At this time The Counseling Clinic doctoral internship intermittently has the ability to offer supervision experiences to our interns. Advanced students from the Counseling Psychology and School Counseling master's program on campus sometimes request to do a group or individual counseling practicum at our site. In this event, it may be possible for an intern to provide supervised supervision for the practicum student. Interns are provided seminars in order to learn theories and methods of supervision. Interns are expected to articulate a chosen theory of supervision during the internship year and apply this in the context of peer supervision with their group supervision and in case consultation with all staff.
During the internship year, interns are expected to exhibit the self-knowledge, attitudes, professional knowledge, and skills for effective and ethical practice. Didactic seminars, supervision, and staff-wide case consultation are forums to learn the ethical, legal, and practice guidelines governing clinical work. Interns are also encouraged to work on their professional development. For example, interns may be encouraged and financially assisted to attend trainings through regional psychological associations. Interns are supported in making the transition from the role of student/intern to that of an entry-level psychologist.
The Counseling Clinic staff value diversity among professional staff, trainees, and students.

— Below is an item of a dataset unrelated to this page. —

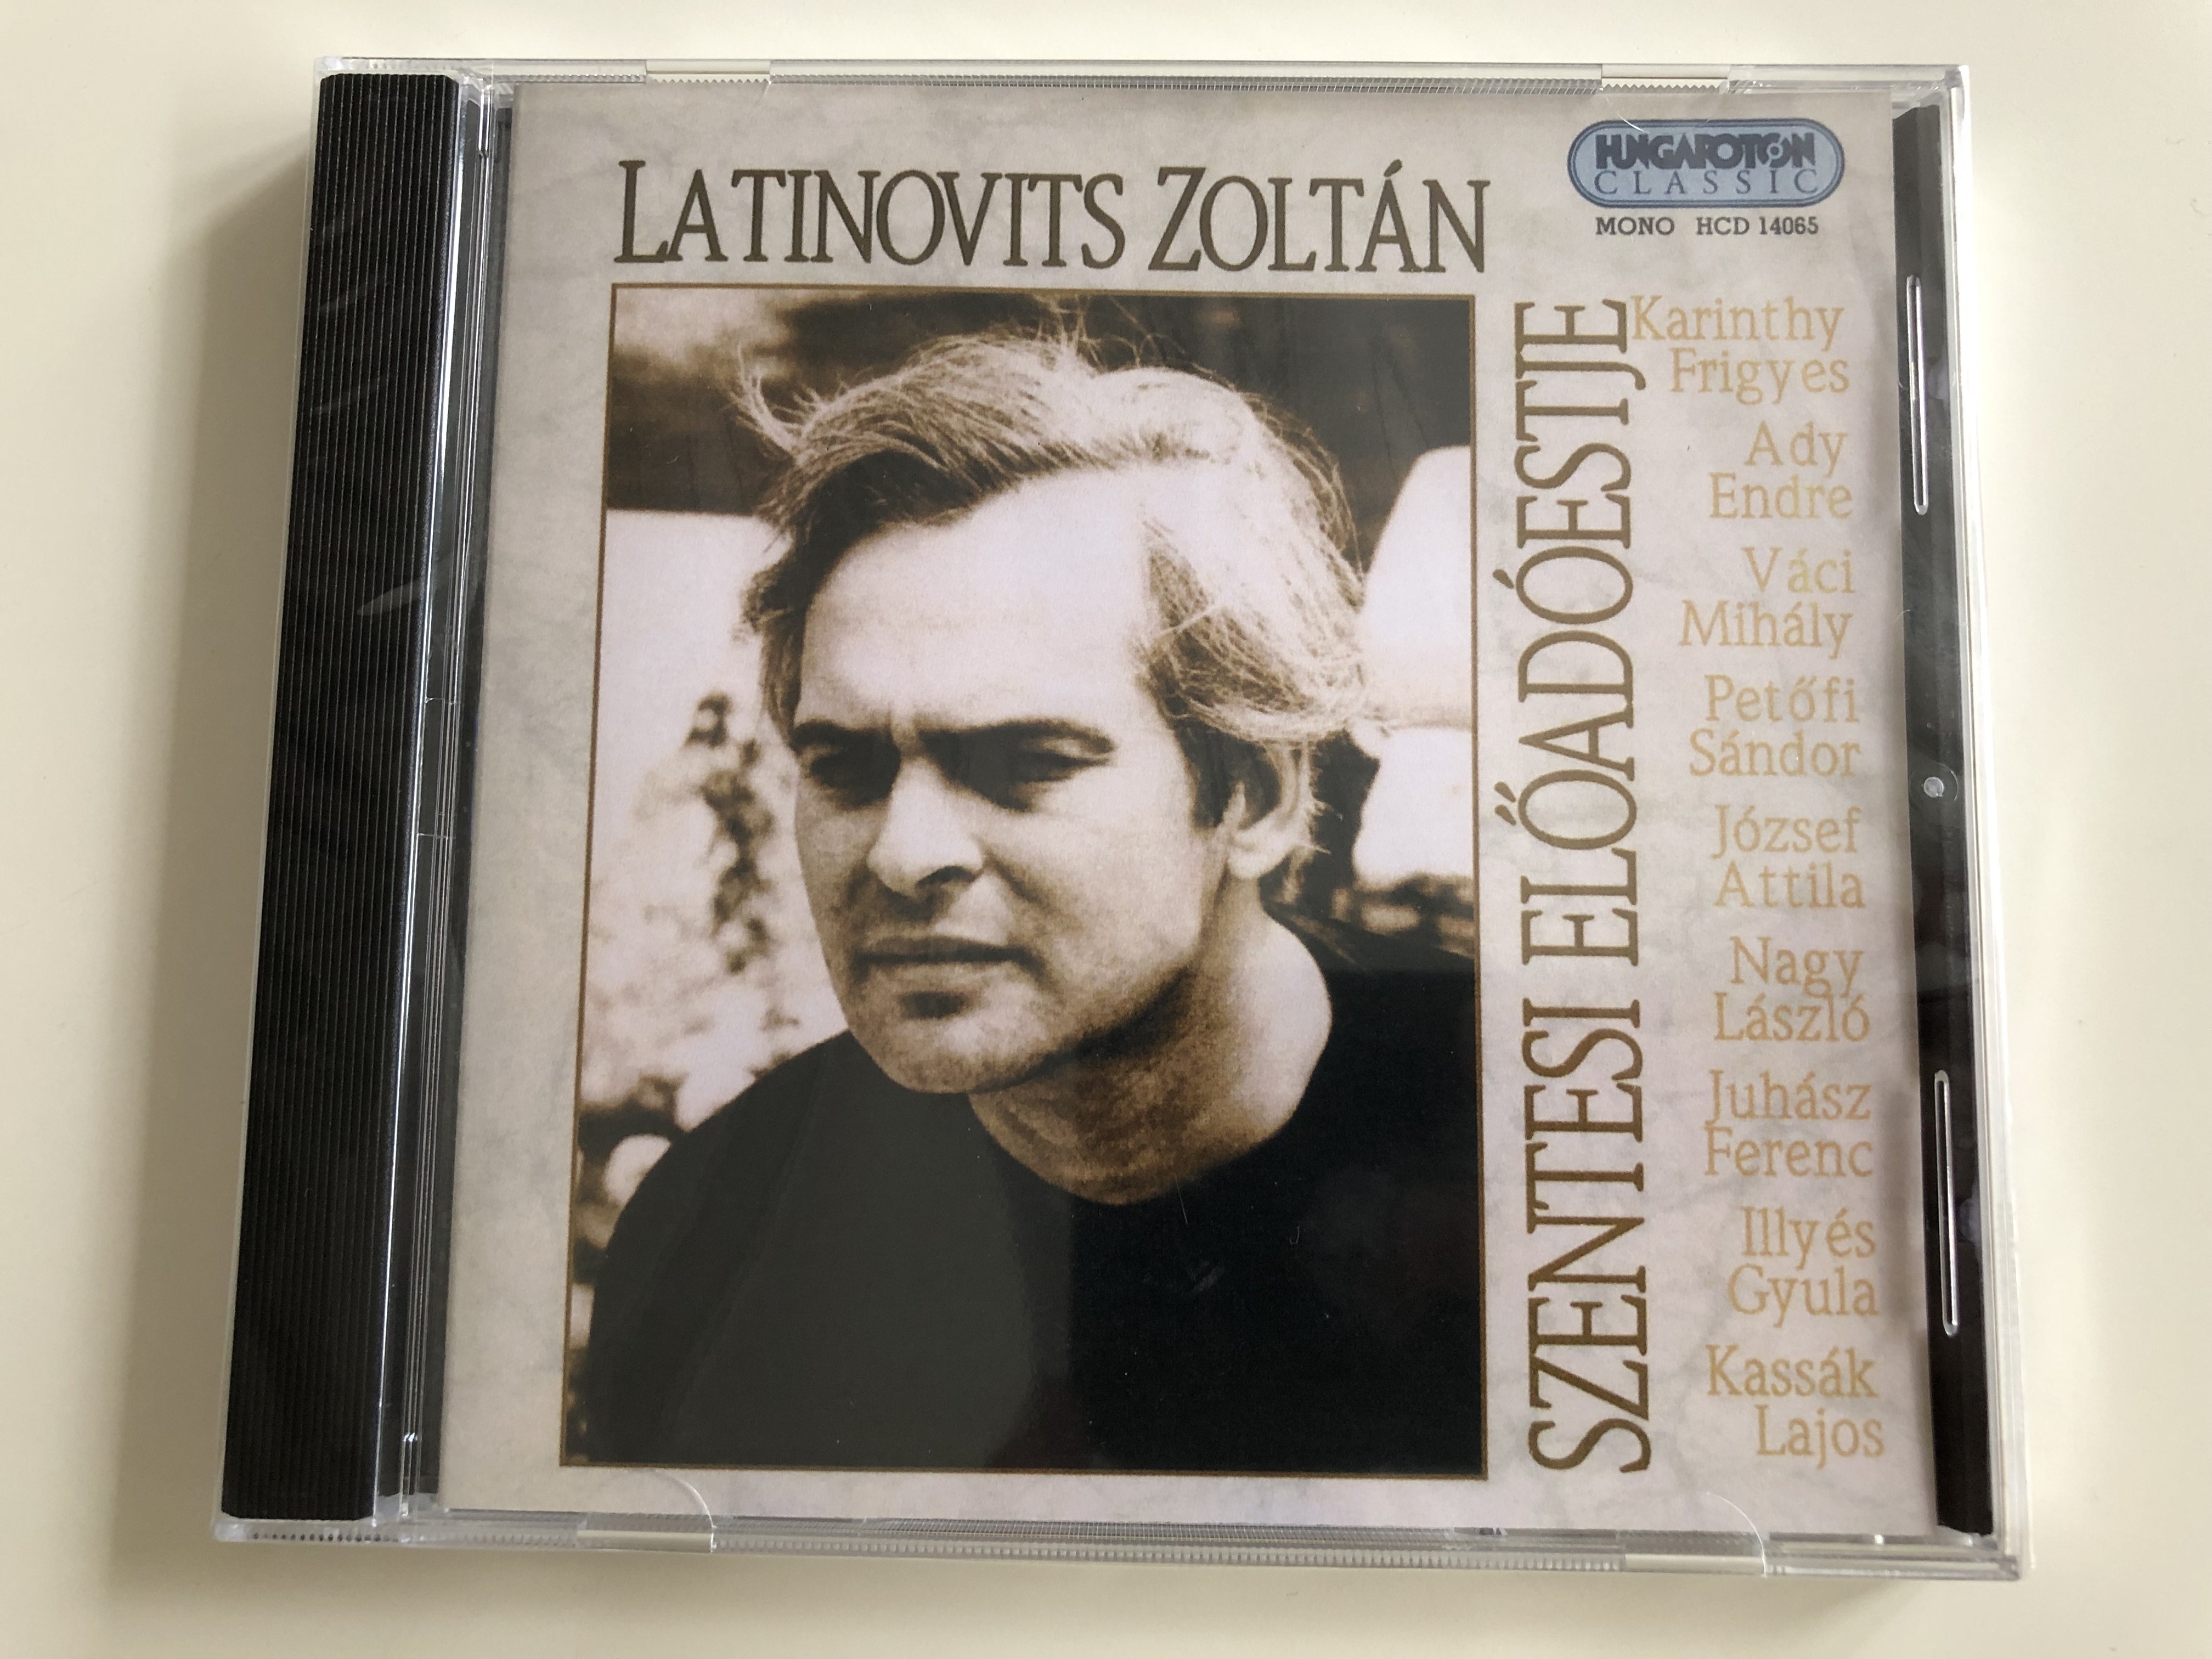 latinovits-zolt-n-szentesi-el-ad-estje-karinthy-ady-v-ci-pet-fi-j-zsef-attila-illy-s-gyula-kass-k-hungaroton-classic-audio-cd-1988-2001-hcd-14065-1-.jpg

Our recognition of diversity includes an understanding of aspects of self and identity related to age, disability, ethnicity, gender, religion, social class, and sexual orientation. Issues pertinent to diversity are embedded in all elements of training activities as well as service delivery. Focused training takes place during a series of intern seminars held throughout the internship year. Training seminars are based on APA's Multicultural Counseling Competencies recommendations of increasing competence in the areas of in awareness, knowledge and skills.